Detroit — A Detroit police officer says there was no thorough search of the basement where 12-year-old Charlie Bothuell V was found alive nearly two weeks after he was reported missing last June.

"There had not been ... a full, complete, thorough 'no-stone-unturned' search of the basement," Detroit Police Officer Lori Dillon testified under cross examination Thursday by defense attorney Shawn Patrick Smith about finding the boy in the 600-square-foot basement of the family's home on Nicolet near downtown June 25.

Dillon said it was possible a thorough search had not been done because of the "conditions of the basement."

On Thursday, 36th District Judge Shannon Holmes scheduled more hearings for 9:30 a.m. April 28, May 6 and May 7 for the preliminary examination at the Frank Murphy Hall of Justice. Afterward, she'll decide whether Charlie's dad, Charlie Bothuell IV, and his wife, Monique Dillard-Bothuell, will stand trial on torture and child abuse charges.

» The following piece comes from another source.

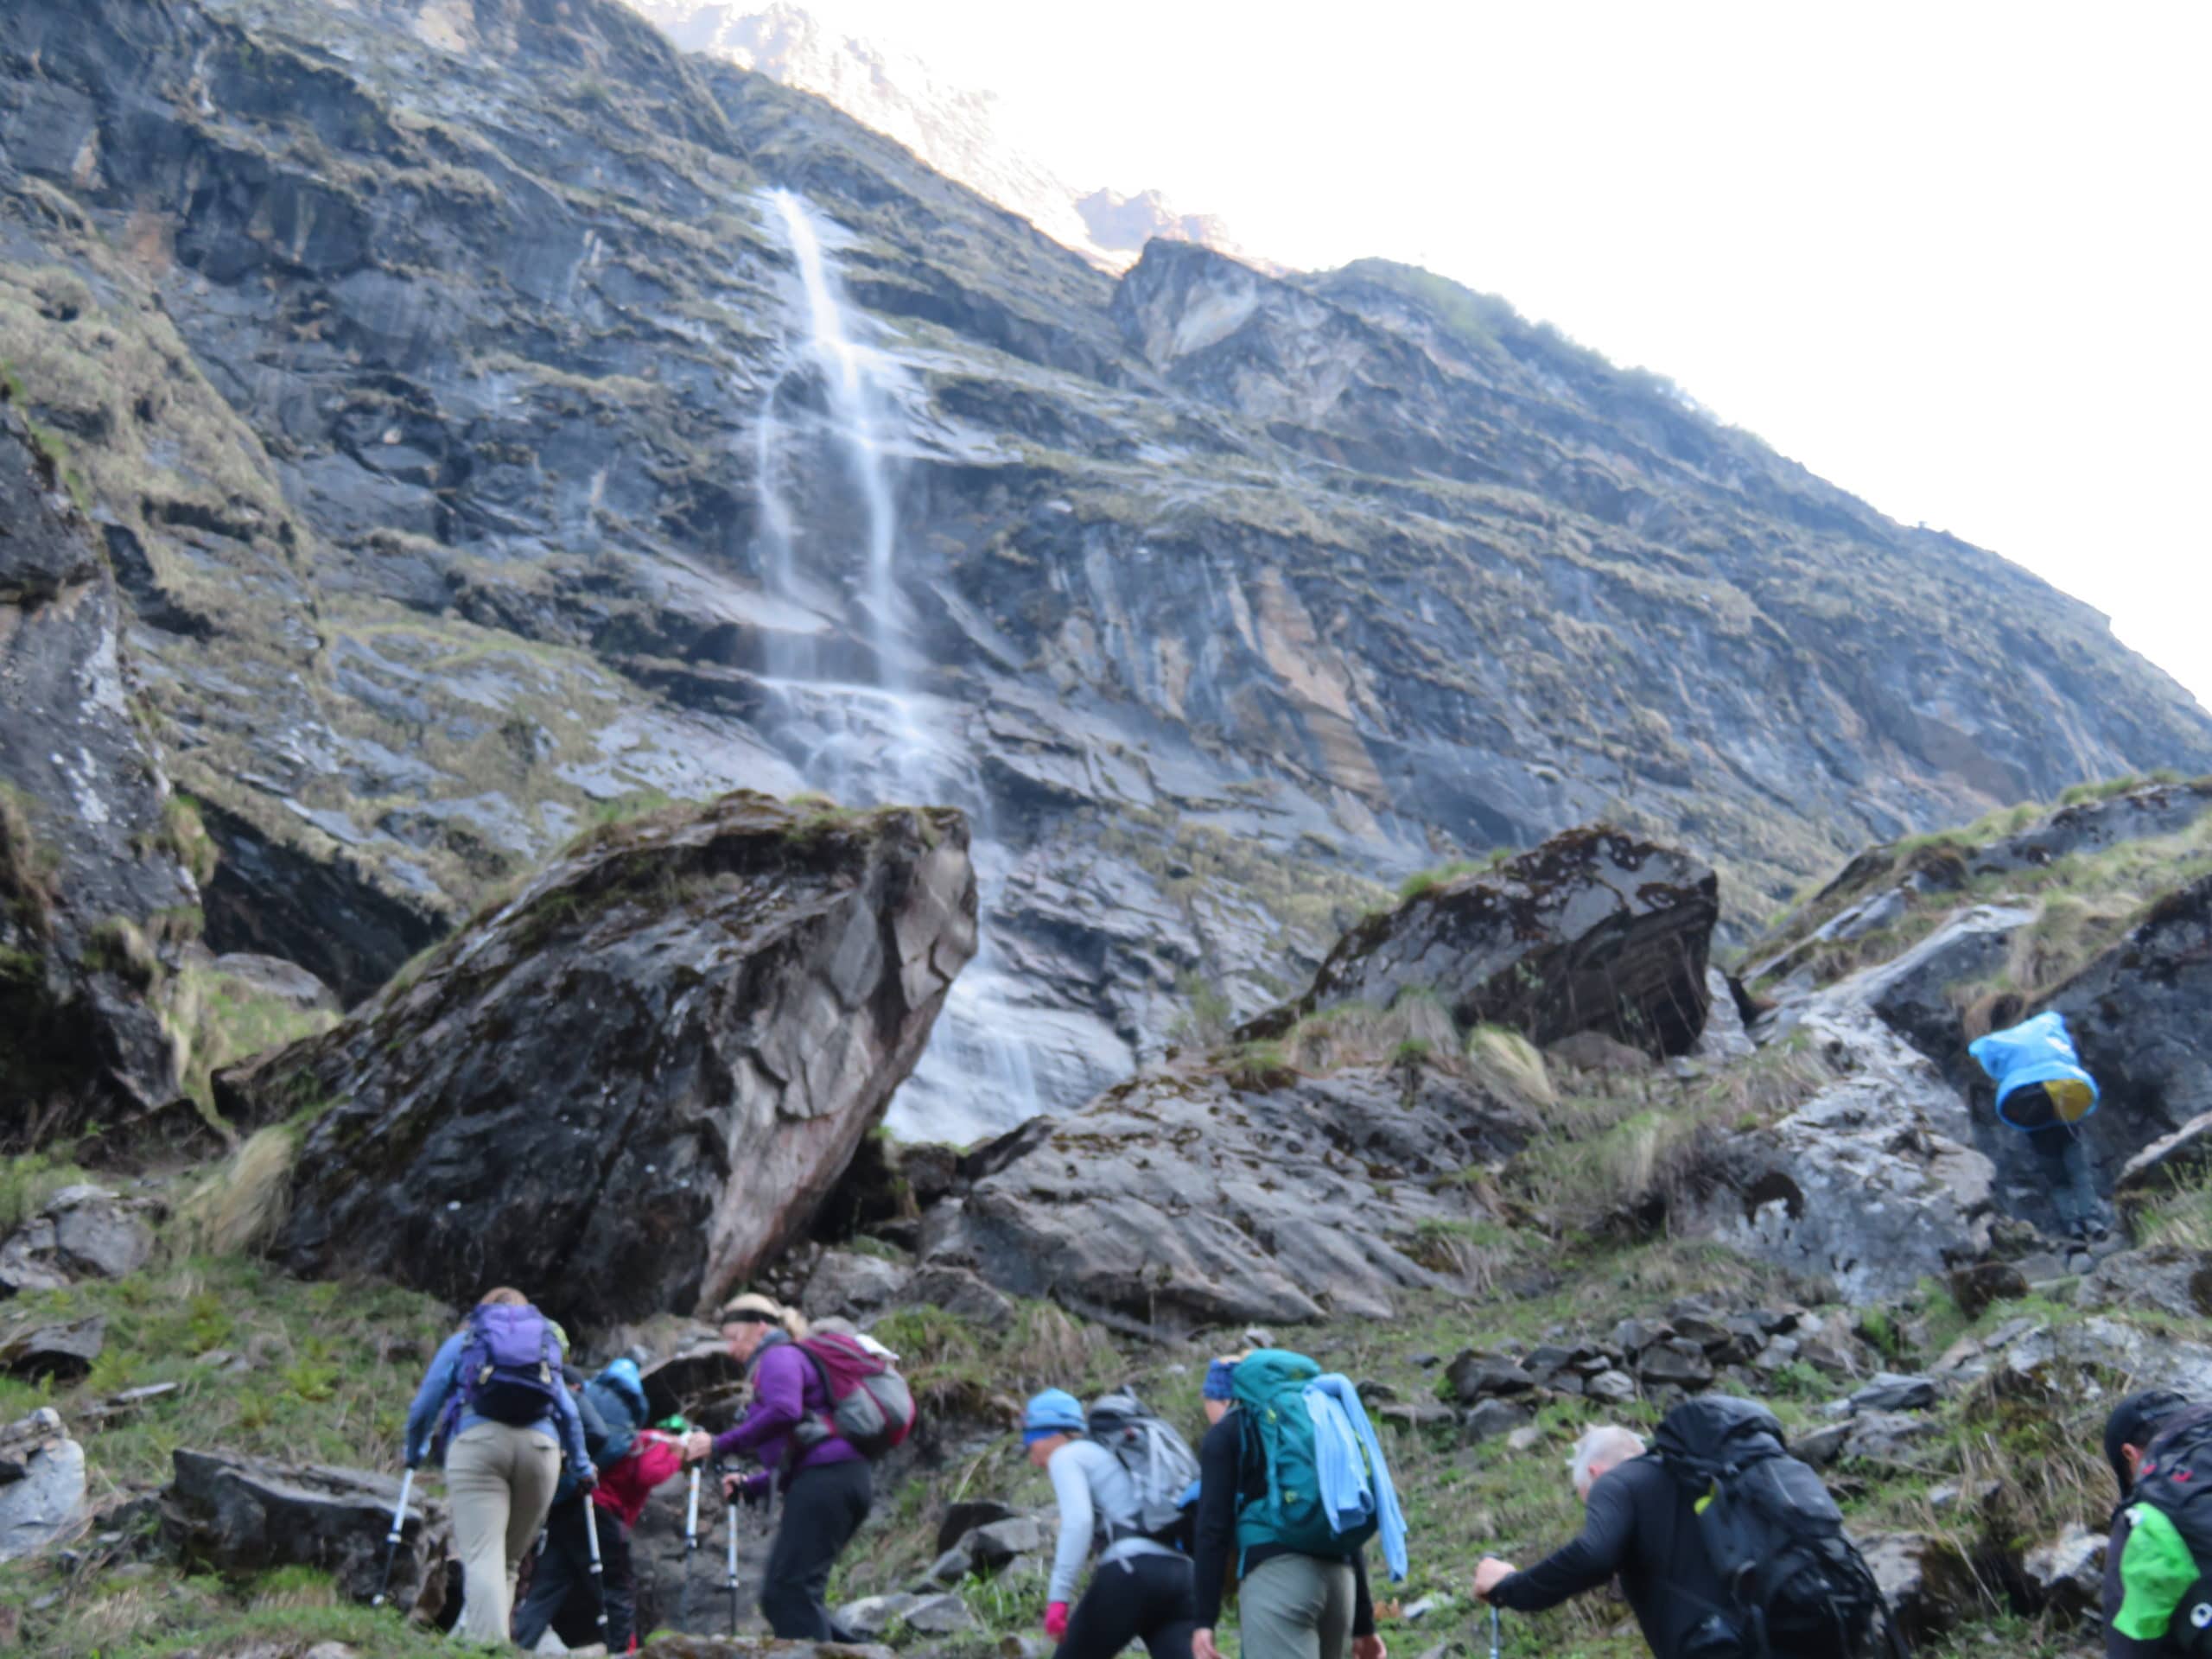 Hiking to Annapurna Base Camp
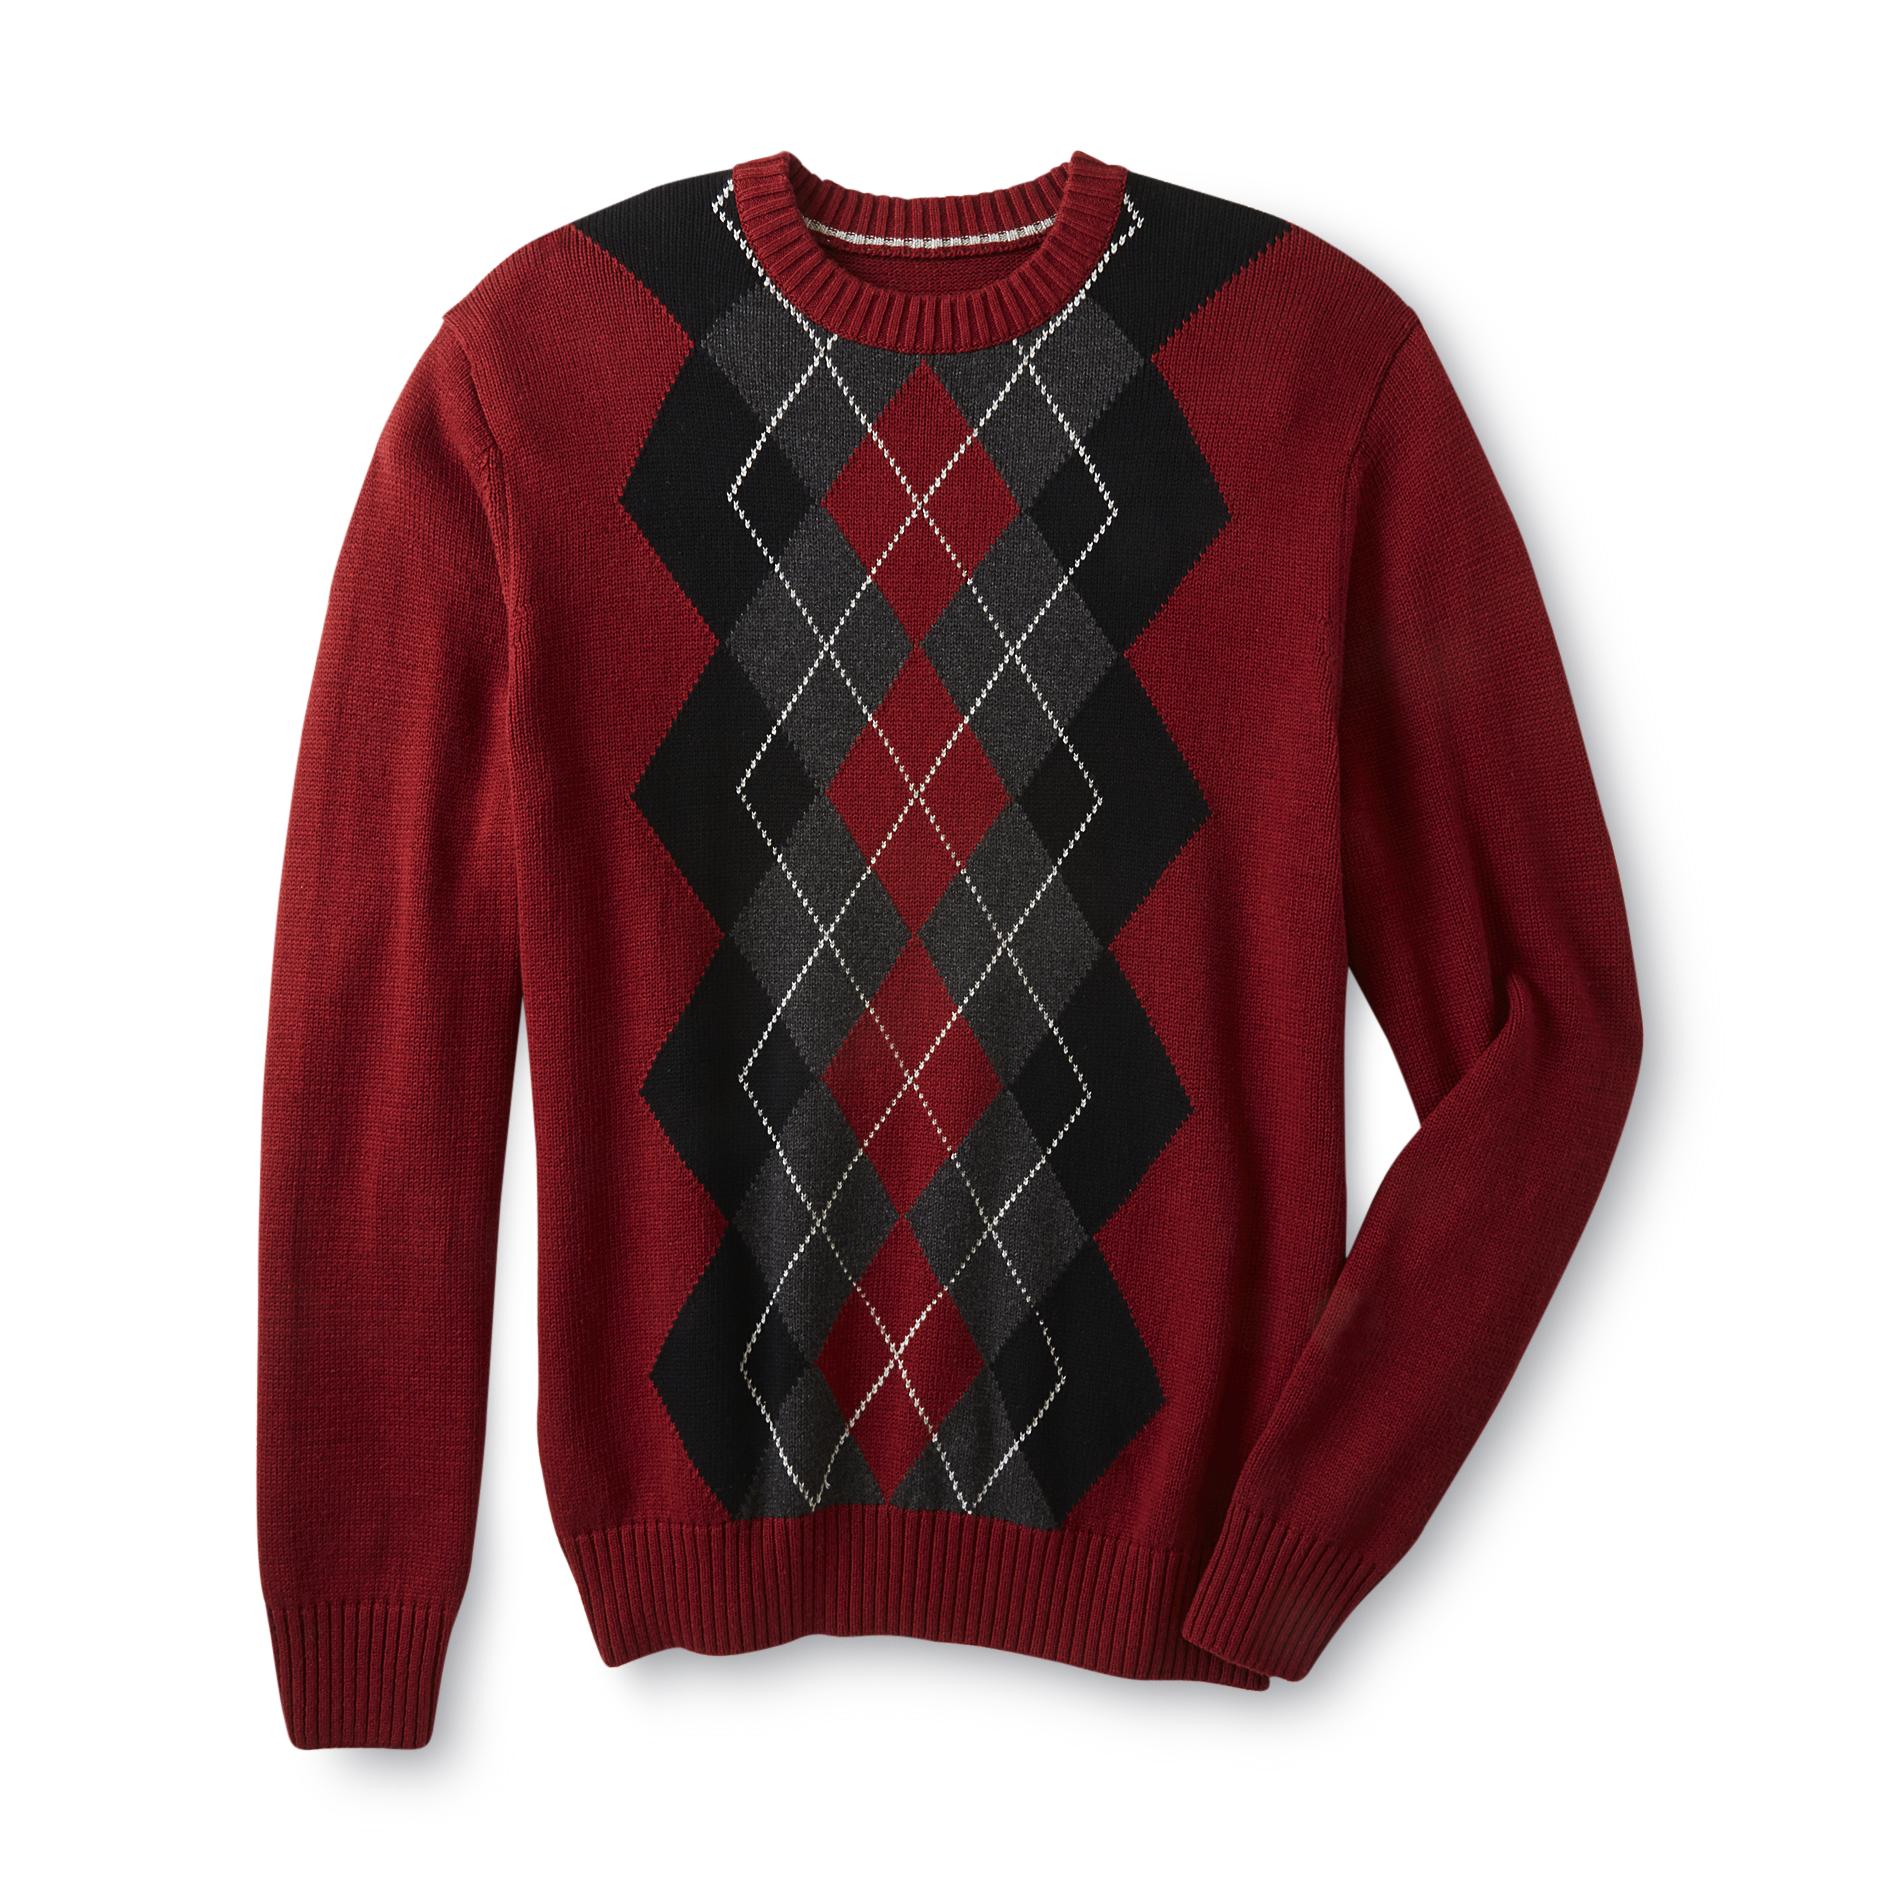 David Taylor Collection Men's Sweater - Argyle

Two witnesses have testified so far after four days of hearings. The first witnesses were Dr. Dena Nazer, the Children's Hospital of Michigan physician who testified Charlie had suffered child abuse, and undercover Detroit police officer Dillon, who was at the boy's house investigating when he was found.

Dillon testified Wednesday and Thursday about the investigation into the case which made national headlines and landed Bothuell on Nancy Grace's popular cable TV show.

The boy is expected to testify, but it is unclear when. There is at least one more police investigator expected to take the stand.

The boy told staff at Children's Hospital he had been beaten in the past by his father with a PVC pipe. He also told hospital staff his stepmother forced him into the basement and threatened him in the past, telling him she could murder him and that no one would know since he was home schooled.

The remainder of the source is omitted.